Police in Uttar Pradesh have registered a criminal case against Rajendra Yadav, who provided cheap door-to-door medical services to poor villagers in the northern state.
India has only limited public healthcare services and that, combined with a lack of regulation, has allowed unlicensed doctors to thrive, particularly in rural areas.
The latest case was exposed when government medical screenings uncovered a high concentration of human immunodeficiency virus (HIV) cases in the Unnao district of Uttar Pradesh
“All these 46 cases are from specific localities within our district,” Unnao’s chief medical officer S.P. Choudhary told AFP.
“This is when we decided to dig deeper. Some of the infected blamed the quack and his use of a single syringe.”
But Choudhary said Yadav, who is still on the run, was unlikely to be the sole factor in the high number of cases.

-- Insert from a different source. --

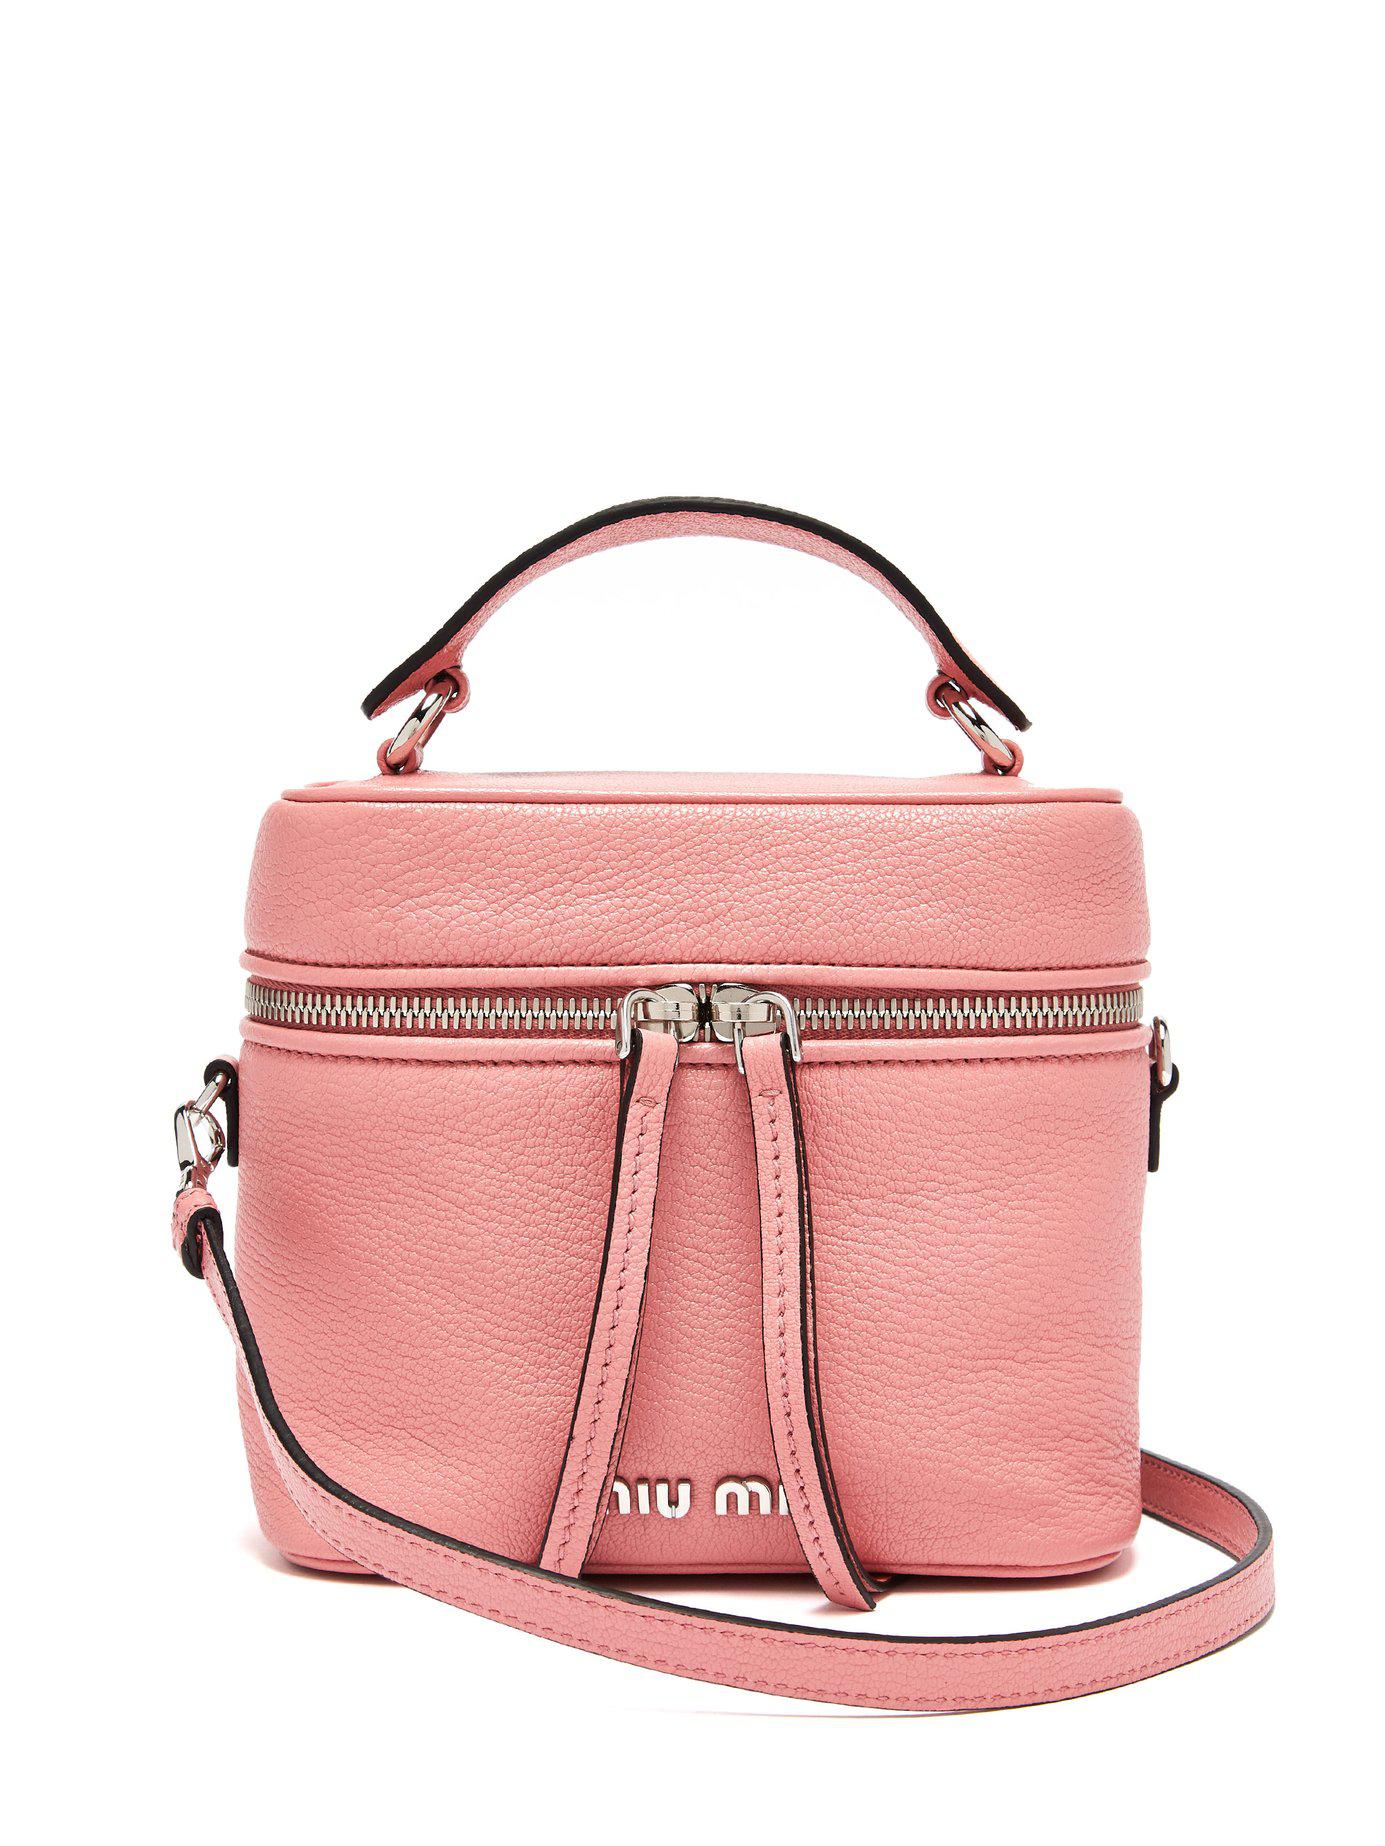 Miu Miu Leather Cross Body Beauty Case in Pink Lyst

“We don’t think that the quack doctor alone could be a factor for these numbers,” he told AFP.
“The area has a high migrant trucker population, and the prevalence of unprotected sex could be the likely reason.”

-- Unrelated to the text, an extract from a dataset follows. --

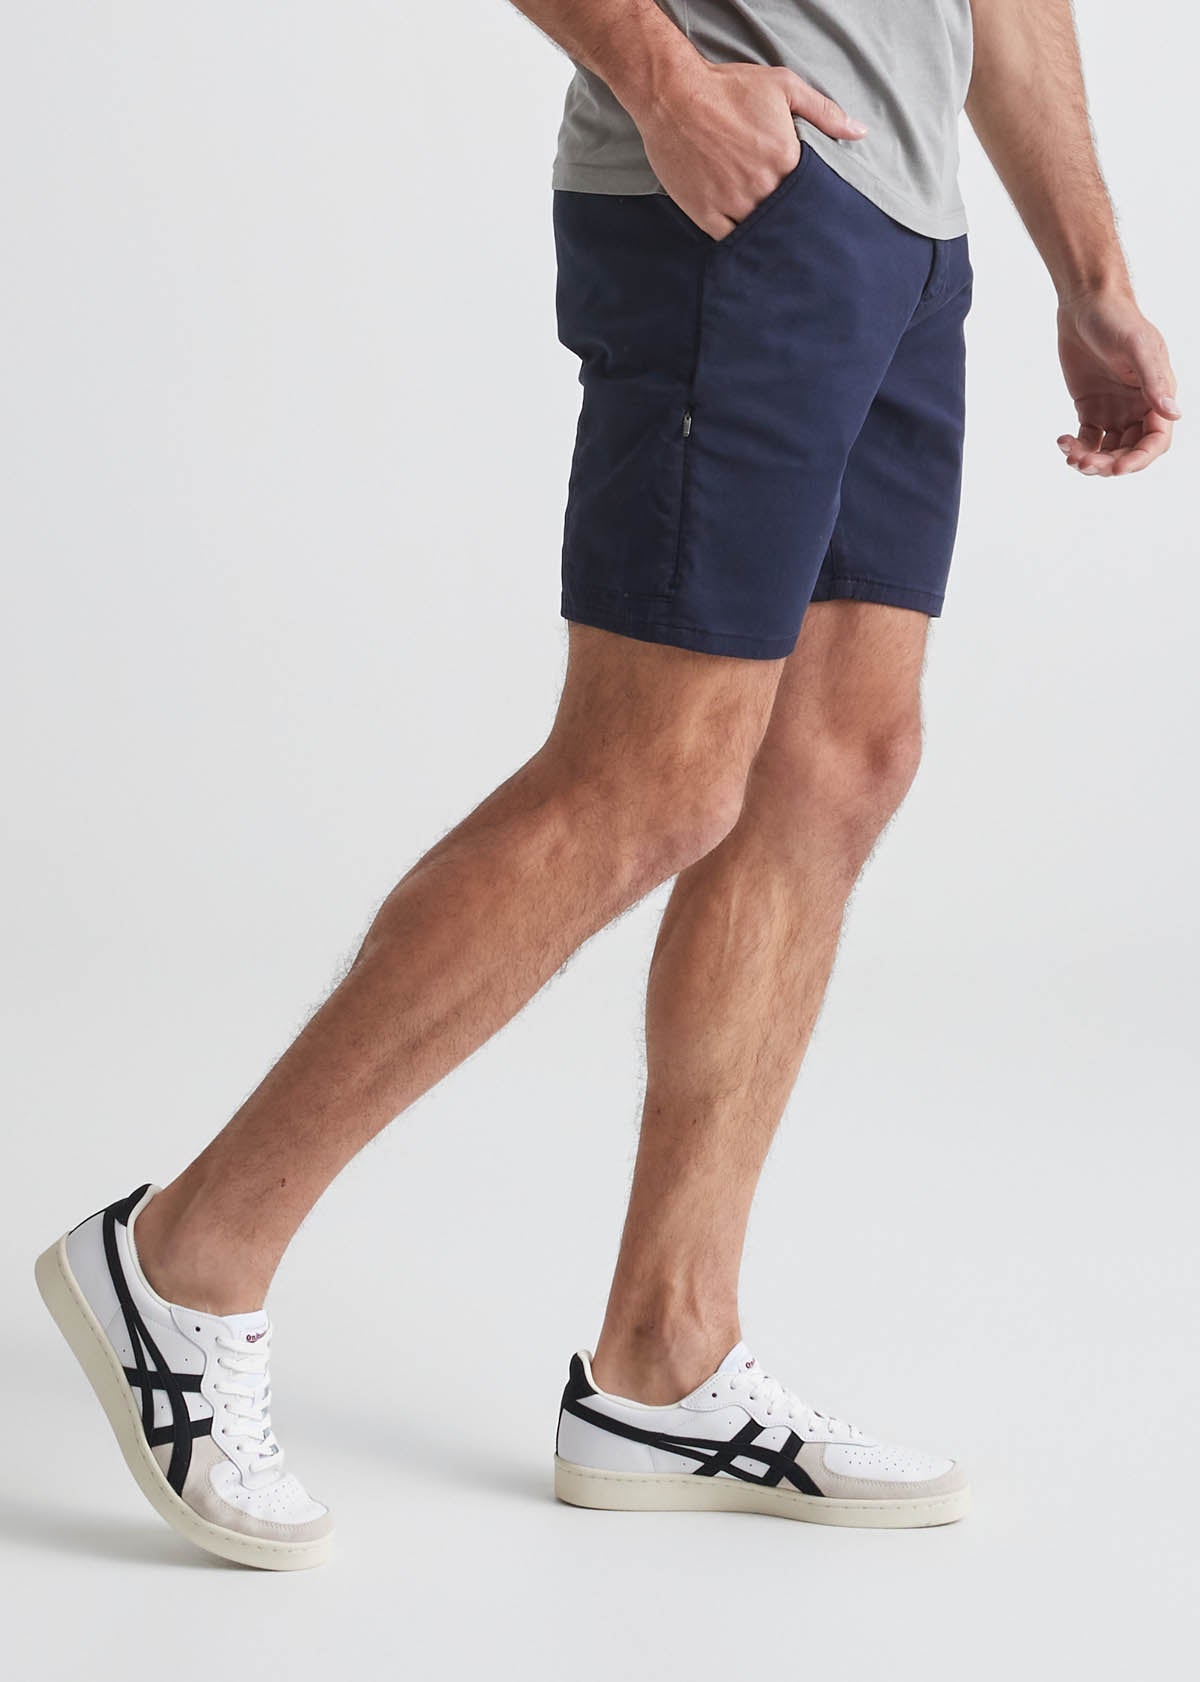 Men's Lightweight Shorts Slim Fit

India has 2.1 million people infected with HIV, according to the United Nations, although the rate of infection is falling.
It has an estimated 840,000 doctors — one for every 1,674 people — far fewer than the one per 1,000 people recommended by the World Health Organization.
Last week the government announced a national healthcare scheme for half a billion people, but did not give details of how much it would cost or how it would be funded.